ADELPHI, Md. — NASA on July 13 announced three multimillion-dollar contests to build smart robots and launch tiny satellites as part of a program to develop innovations of benefit not only to the U.S. space agency but to the nation at large.

The contests are NASA’s newest Centennial Challenges, which offer cash prizes for technological achievements by teams who work without government funding. A combined prize incentive of $5 million will be split among the three competitions.

The competitions call on teams to repeatedly launch miniature satellites into orbit, develop a solar-powered rover that can run at night on stored energy or build a sample-return robot that can navigate over varied terrain and retrieve an identifiable object.

“NASA sponsors prize competitions because the agency believes student teams, private companies of all sizes and citizen-inventors can provide creative solutions to problems of interest to NASA and the nation,” said Robert Braun, NASA’s chief technologist. “Prize competitions are a proven way to foster technological competitiveness, new industries and innovation across America.”

The contests were announced here at the Space Technology Industry Forum, hosted by NASA’s Office of the Chief Technologist. The office is responsible for direct management of NASA’s space technology programs, and for coordinating and tracking technology investments across the agency.

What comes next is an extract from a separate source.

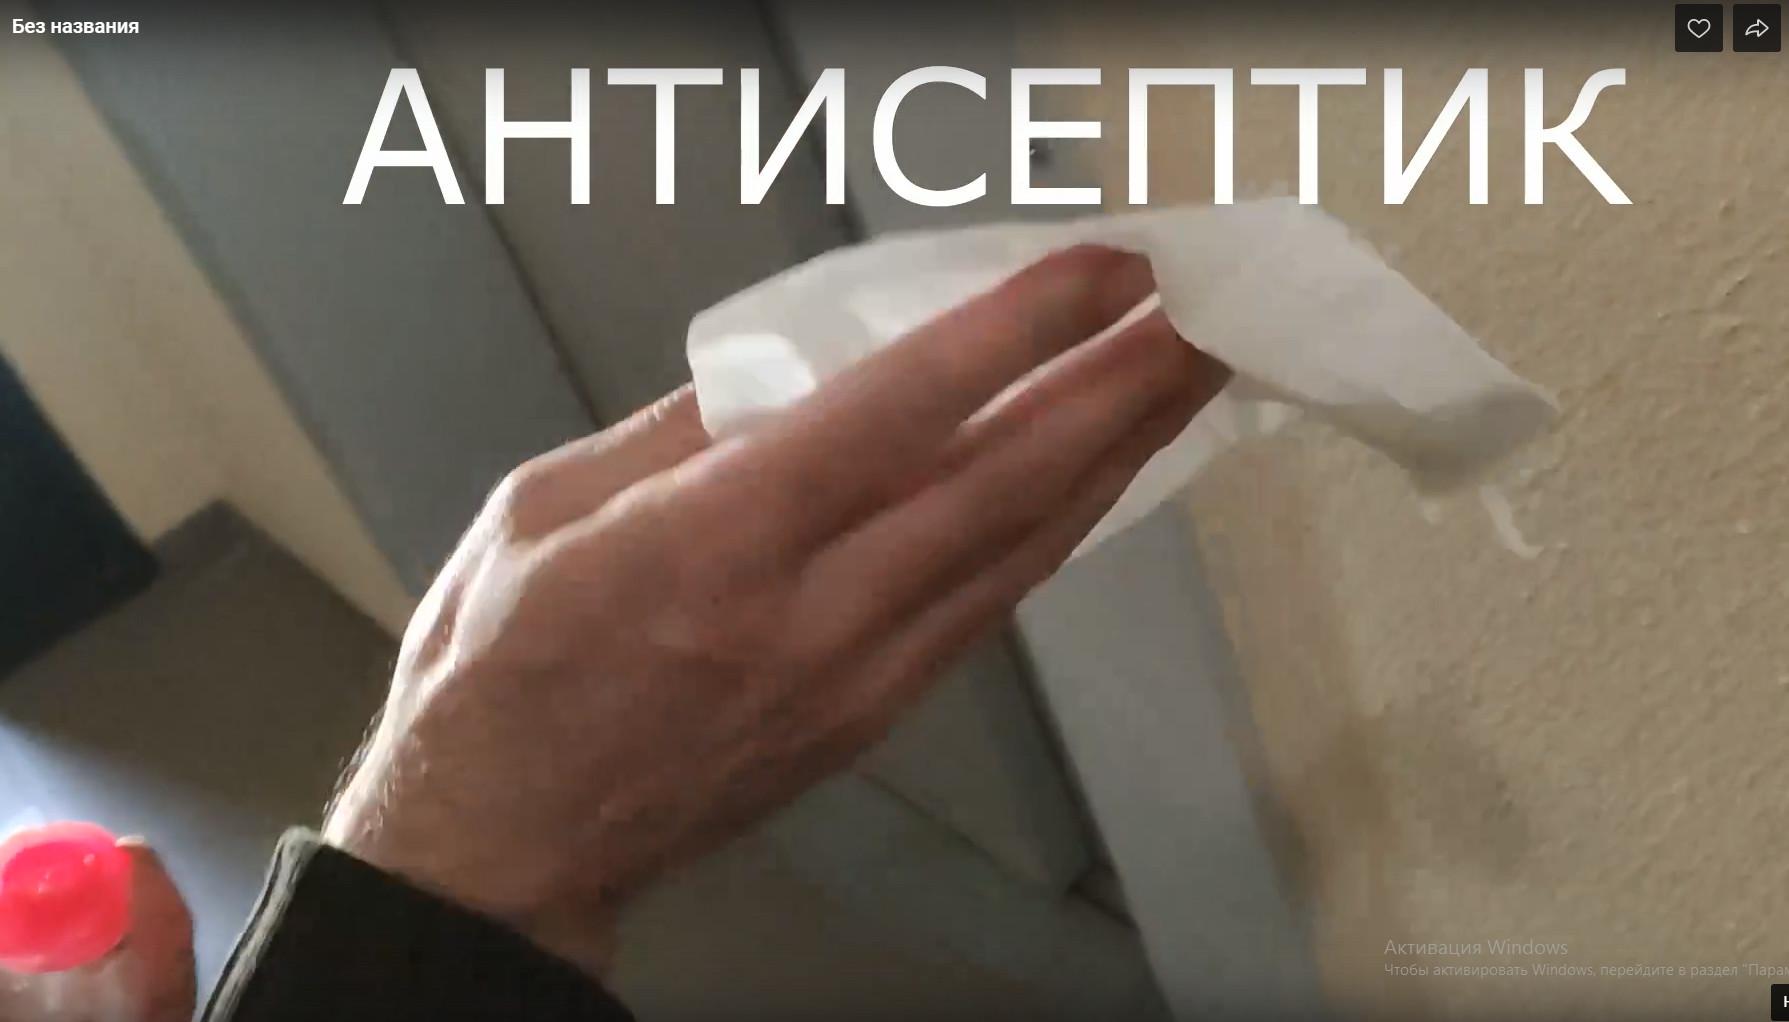 Житель Твери записал видео о дезинфекции в подъезде

Centennial Challenges are open to individuals, groups and companies working outside of the traditional aerospace industry. Monetary awards are made after solutions are successfully demonstrated; the participants maintain ownership of their intellectual properties.

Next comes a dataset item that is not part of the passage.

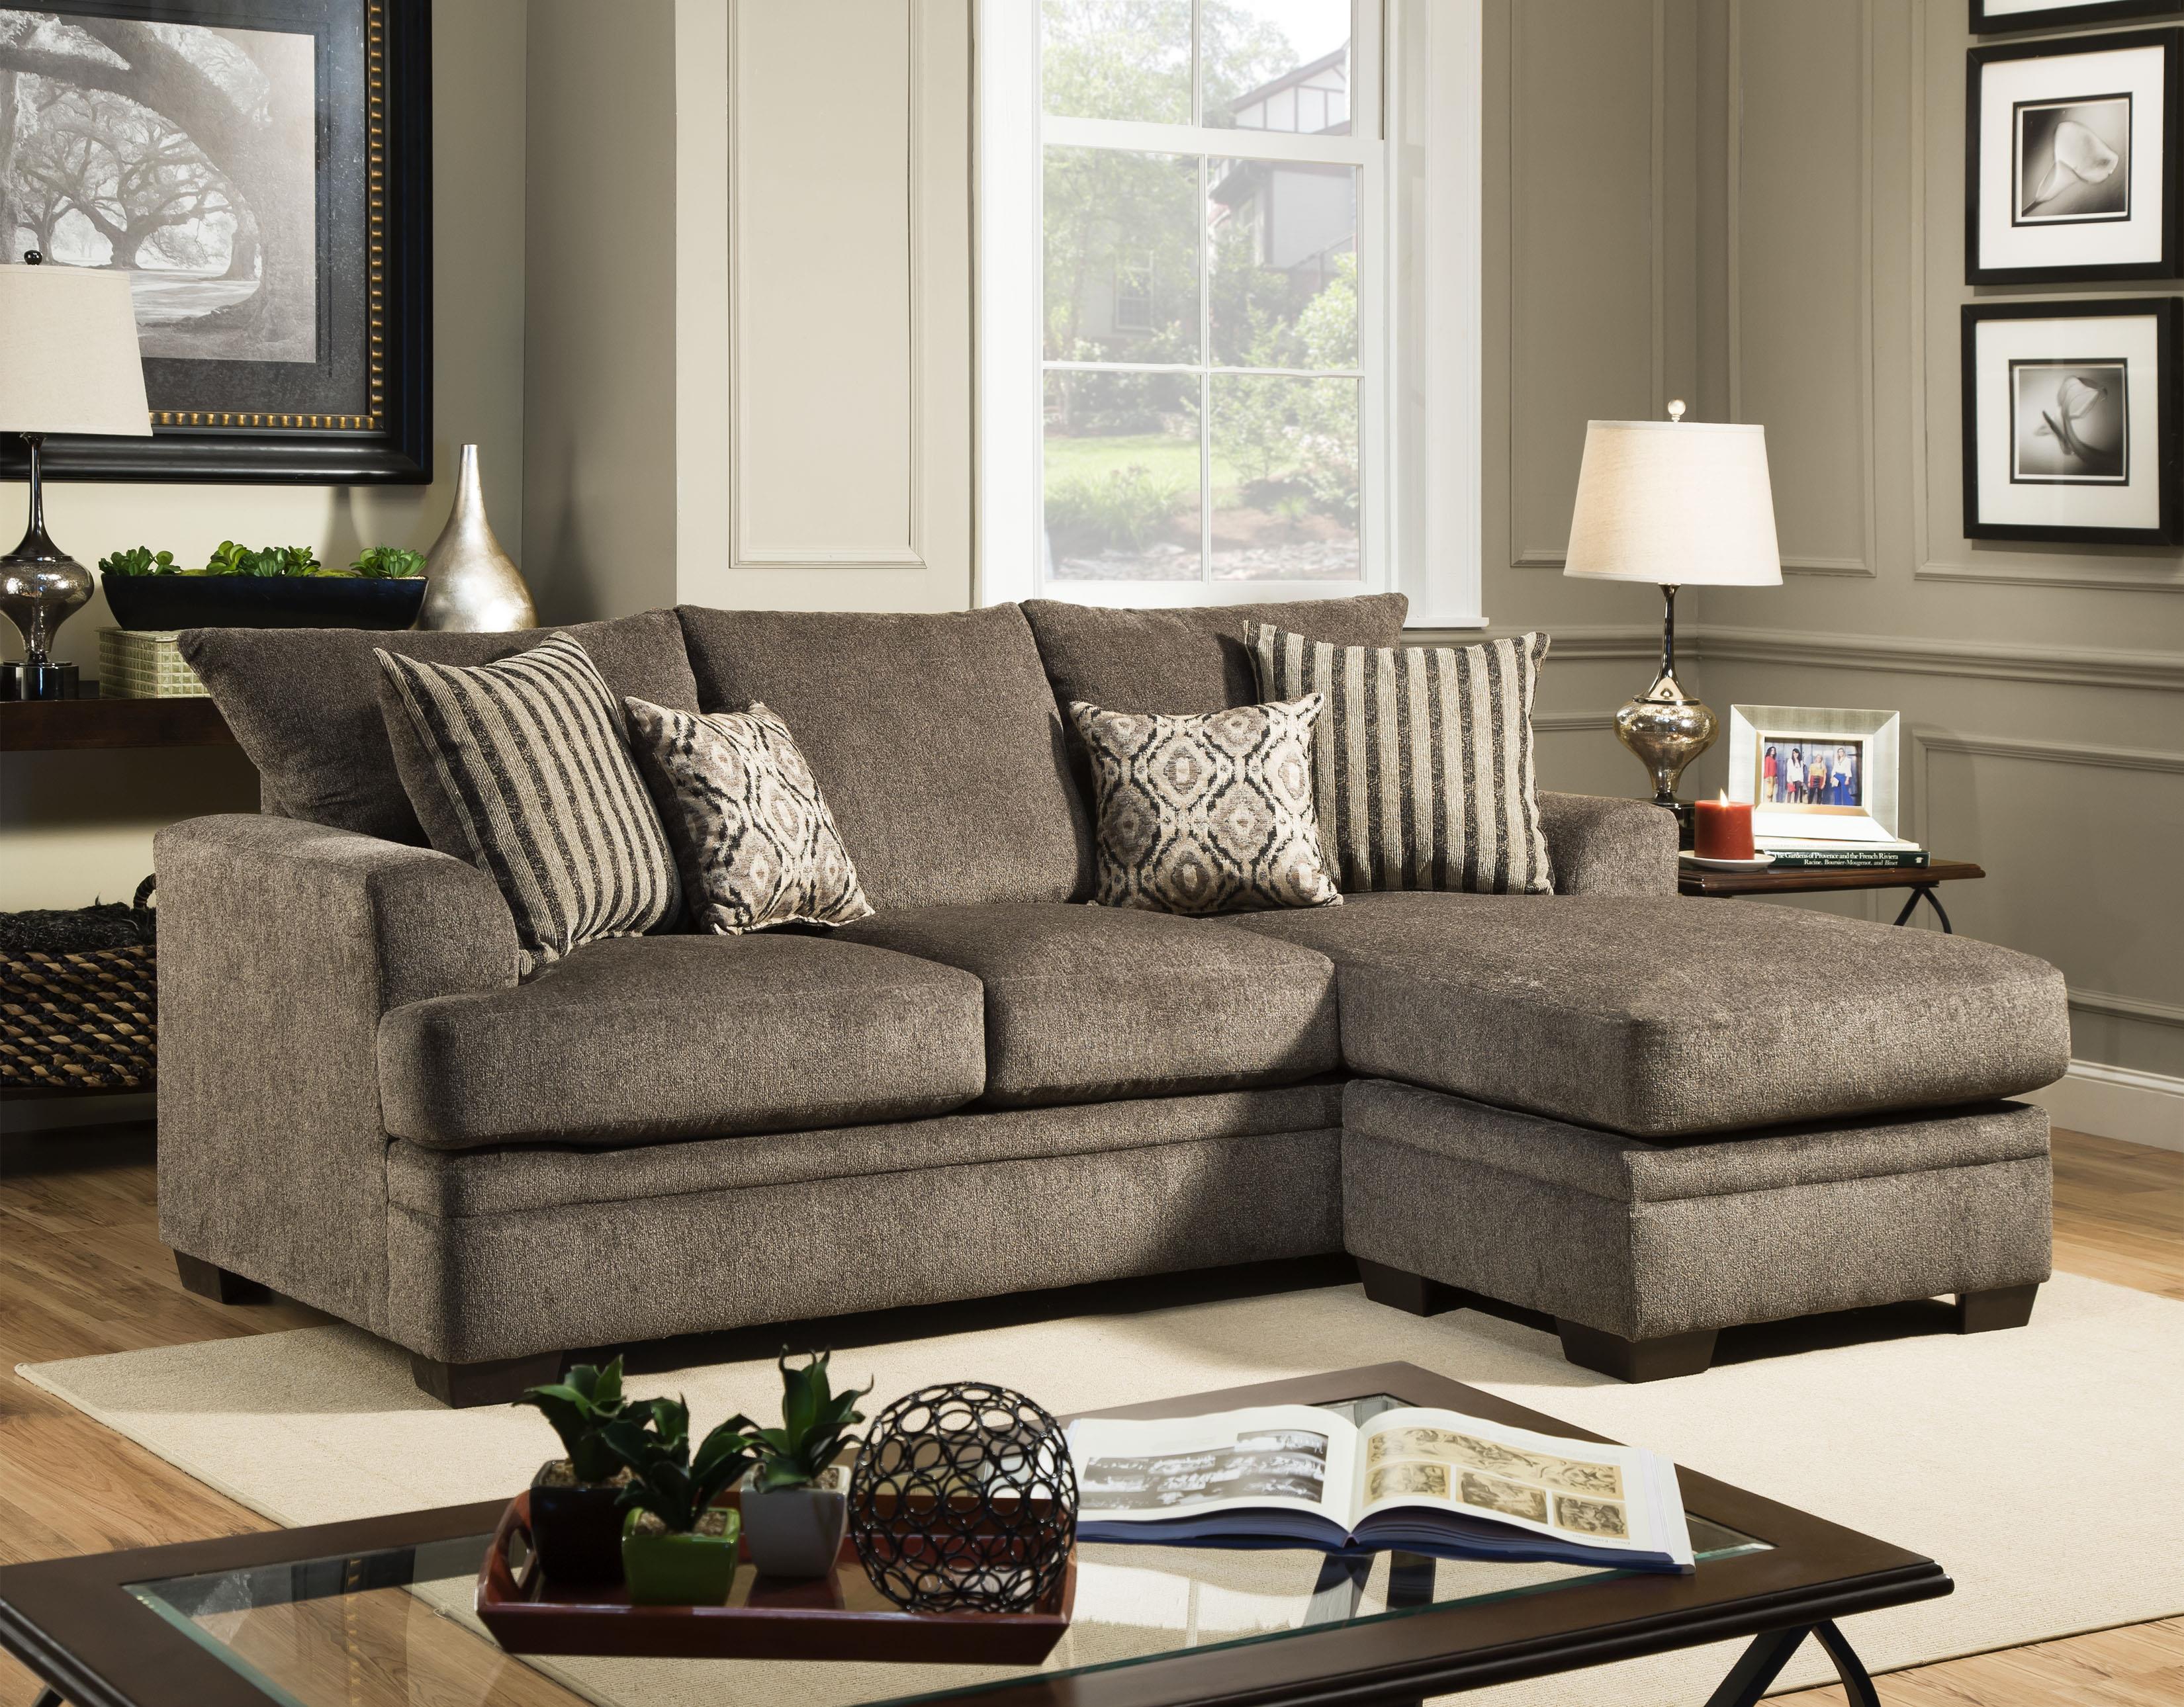 Lehigh  Sofa Chaise by Vendor 610 at Becker Furniture

Since 2005, NASA has conducted 19 competitions in six challenge areas and has awarded $4.5 million to 13 different teams.

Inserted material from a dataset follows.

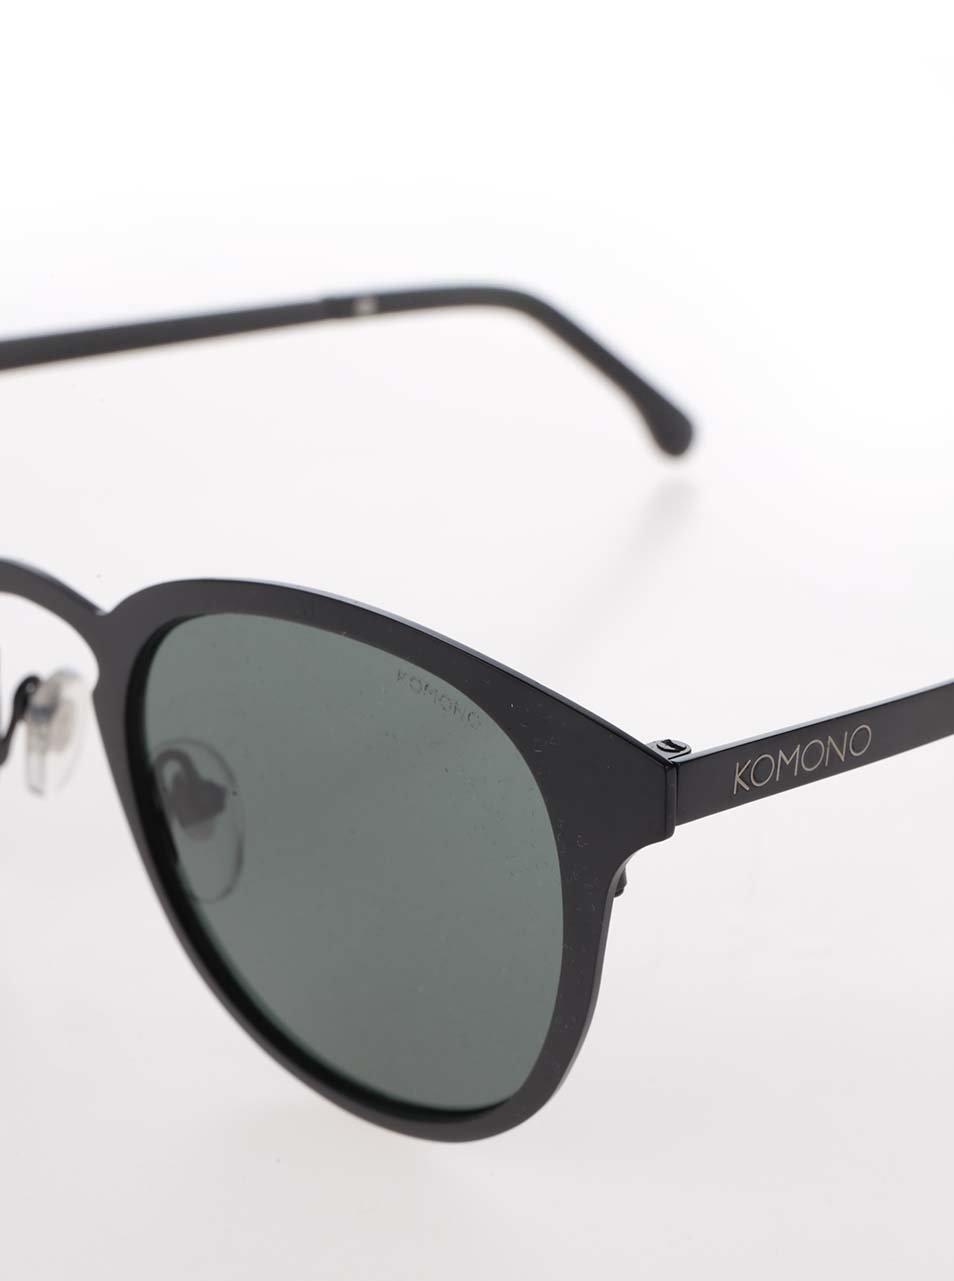 Čierne unisex slnečné okuliare s kovovým rámom Komono Hollis ... f7928aff709

The objective of one of the new competitions, the Nano-Satellite Launch Challenge, is to place a small satellite into Earth orbit twice in one week. The challenge is designed to stimulate innovation in low-cost launch technology and has a potential prize of $2 million.

The Night Rover Challenge has a prize purse of $1.5 million. The objective is to support innovations in energy-storage technologies that could prove valuable in extreme space environments, such as on the surface of the Moon.

Technological advances in this area also could have applications on Earth for electric vehicles and renewable energy systems, NASA officials said.

“With a lot of these things, there could be tremendous spin-offs in other fields,” said Andrew Petro, Centennial Challenges program executive.

The third contest, with $1.5 million in prize money, is the Sample Return Robot Challenge. It calls for teams to build and demonstrate a robot that can locate and retrieve geological samples from wide and varied terrain without human control. The challenge focuses on innovations in automatic navigation and robotic manipulator technologies.

“The Centennial Challenges have been recognized by the White House and the administration as an innovative approach to doing business,” Braun said. “It’s an approach in which we engage a wide variety of innovators across the nation. Through the space technology program, we hope to take that innovation and shine it like a laser on our space program and change the way we do business in the future.”

The program initiatives under the space technology program — including the Centennial Challenges — are subject to congressional approval. The Office of the Chief Technologist has requested $10 million in federal funding each year through 2015 as part of the expansion of the Centennial Challenges.

While the future of the program is contingent upon funding in 2011 and beyond, officials at the Office of the Chief Technologist are confident that NASA’s revised space technology program can help restore the agency’s cutting-edge technological prowess.

“There has been significant debate in Congress already for the need for a program just like this,” Braun said. “We’ve taken all the external input, all the criticisms from NASA’s past, and from that we have shaped the space technology program.”